Parents will ultimately decide if they want to send their kids to camp, he said. "If they dream it is a benefit to their child to be tech-free and happy and stress-free and happy, to rediscover the joys of childhood, and the risks don’t outweigh the benefits, we'll be there for them."
The governor’s guidelines for camps include:
• Training staff on proper cleaning, hand hygiene and coughing etiquette.
• Screening staff and campers for symptoms and contact with someone who has had COVID-19. Monitor and screen campers daily for symptoms.
• Keep campers in separated groups that remain the same throughout camp.
• Stagger pick up and drop off times to allow for social distancing.
• Limit staff with underlying conditions.
• Have staff at overnight camps arrive seven to 10 days before opening session.
• Notify campers and family when a child has tested positive. Require families to pick up a camper who tests positive within eight hours. Require staff who test positive to leave camp. There is a three-step process for a staff member to be able to return at a later date.
• Notify all campers and families who were around a person who tested positive.

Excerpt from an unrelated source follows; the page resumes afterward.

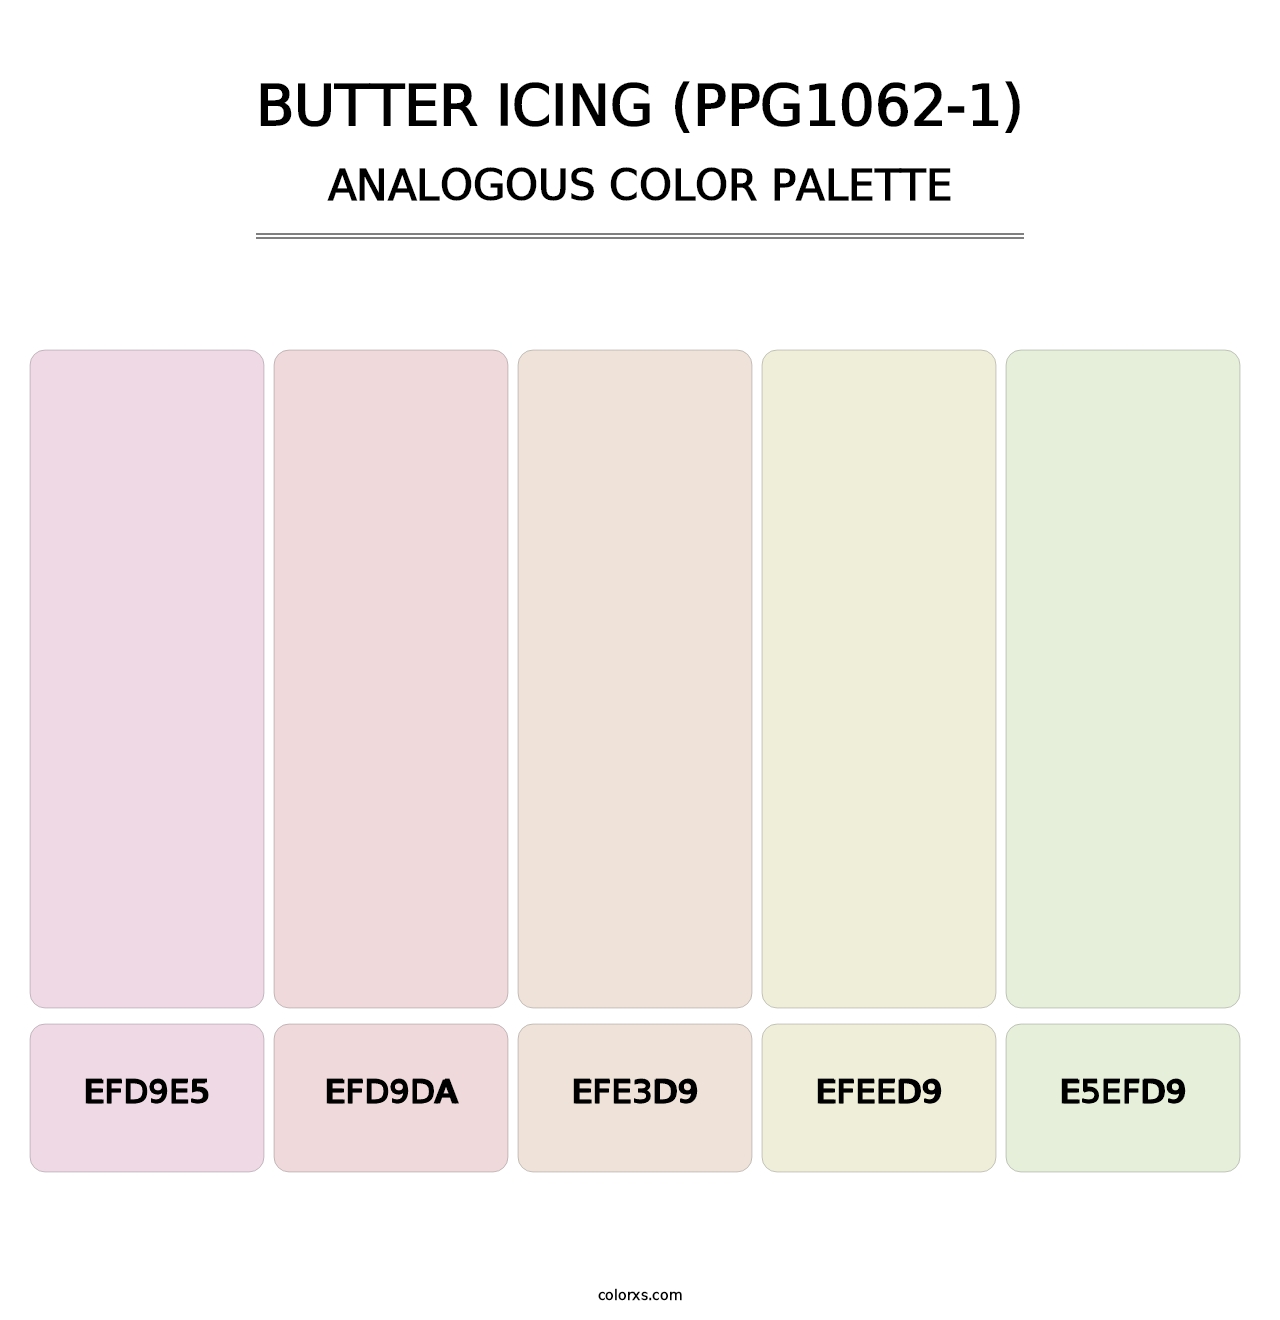 Butter Icing (PPG1062-1) - Analogous Color Palette
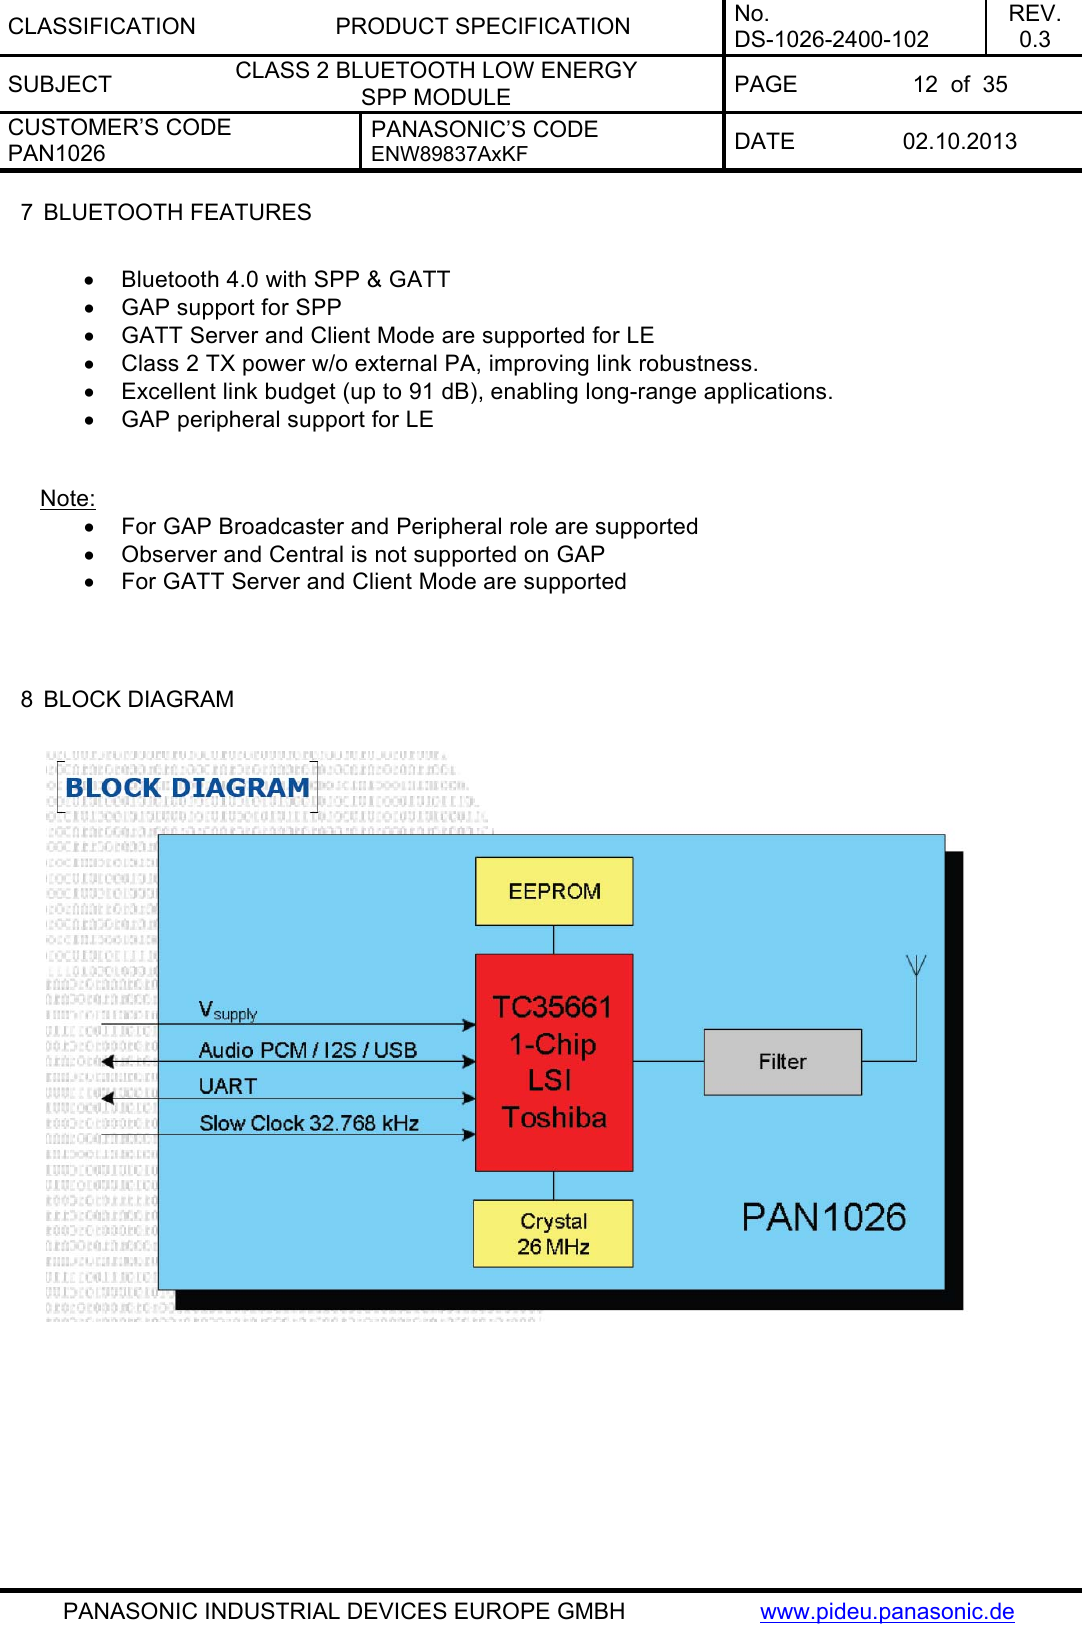 CLASSIFICATION PRODUCT SPECIFICATION No. DS-1026-2400-102 REV. 0.3 SUBJECT  CLASS 2 BLUETOOTH LOW ENERGY  SPP MODULE  PAGE  12  of  35 CUSTOMER’S CODE PAN1026 PANASONIC’S CODE ENW89837AxKF  DATE 02.10.2013   PANASONIC INDUSTRIAL DEVICES EUROPE GMBH  www.pideu.panasonic.de 7  BLUETOOTH FEATURES   Bluetooth 4.0 with SPP &amp; GATT   GAP support for SPP    GATT Server and Client Mode are supported for LE   Class 2 TX power w/o external PA, improving link robustness.   Excellent link budget (up to 91 dB), enabling long-range applications.   GAP peripheral support for LE   Note:   For GAP Broadcaster and Peripheral role are supported   Observer and Central is not supported on GAP   For GATT Server and Client Mode are supported    8  BLOCK DIAGRAM

Isolate those campers from the rest of the camp.
• Notify overnight campers and family that their child needs to avoid contact with anyone 65 or older within 14 days of camp.
• If three or more campers test positive, the camp should work with state and local health authorities on whether they need to shut down camp for that session.
• Not allow any visitors to camp, unless necessary, such as a delivery person.
• Not allow staff to leave overnight camp except for essential services, but provide them a safe break area.
• Hold packages for 24 hours before delivering them.
• No self-service buffets.
• Use disposable cups, plates, napkins and utensils.
• Clean and disinfect chairs and tables between use.
• Enact hand washing and sanitizing protocols.
• Sanitize common area, including cabins and program areas.
• Deep clean the camp between sessions.
• Overnight campers sleep head to toe in upper and lower bunks, and beds should spaced as far apart as possible.
• Provide air circulation from fans and open windows in cabins.
• Identify isolation spots for campers who are sick.
• Have guidelines for how to care for and isolate a sick camper or staff person.
• Space campers one person per seat in vans and buses and sanitize those vehicles before and after trips, but day trips are discouraged.
• For day camps, the guidelines also include wearing face coverings for staff members.
The CDC guidelines offer a simple decision tree that starts with three questions:
Will reopening be consistent with applicable state and local orders?
Are you ready to protect children and employees at higher risk for severe illness?
Are you able to screen children and employees upon arrive for symptoms and history of exposure?
If the answer is no to any of these, the CDC says camps should not open this summer.
The CDC’s recommendations are similar to the governor’s but also include:
• Monitor absences of children and employees.
• Have a pool of trained substitutes for when employees are absent.
The American Camp Association’s draft guidelines also include steps on how to communicate to parents and campers before, during and after camp.
It also recommends camps:
• Identify campers that are higher at risk for complications and encourage additional precautions, such as having the camper’s family consult their medical professional for guidelines and approval to attend. Do the same for staff.
• Communicate the importance of keeping campers at home who are showing symptoms.
• Post signage about COVID-19 information, coughing etiquette, hand washing, symptoms, how to stop the spread of germs and how to physically distance.
• Have policies on how and when kids will wash and sanitize their hands, which symptoms to watch and whom they will report those to, when to stay home, how to encourage safe coughing, other guidelines that will be unique to that camp’s facilities and activities.
• Reduce the frequency of deliveries and request the same driver. Require vendors to wear face masks and gloves and maintain social distance and not make deliveries if they have symptoms.
The American Camp Association also focuses on how staff should talk to kids about the virus to inform them but not scare them.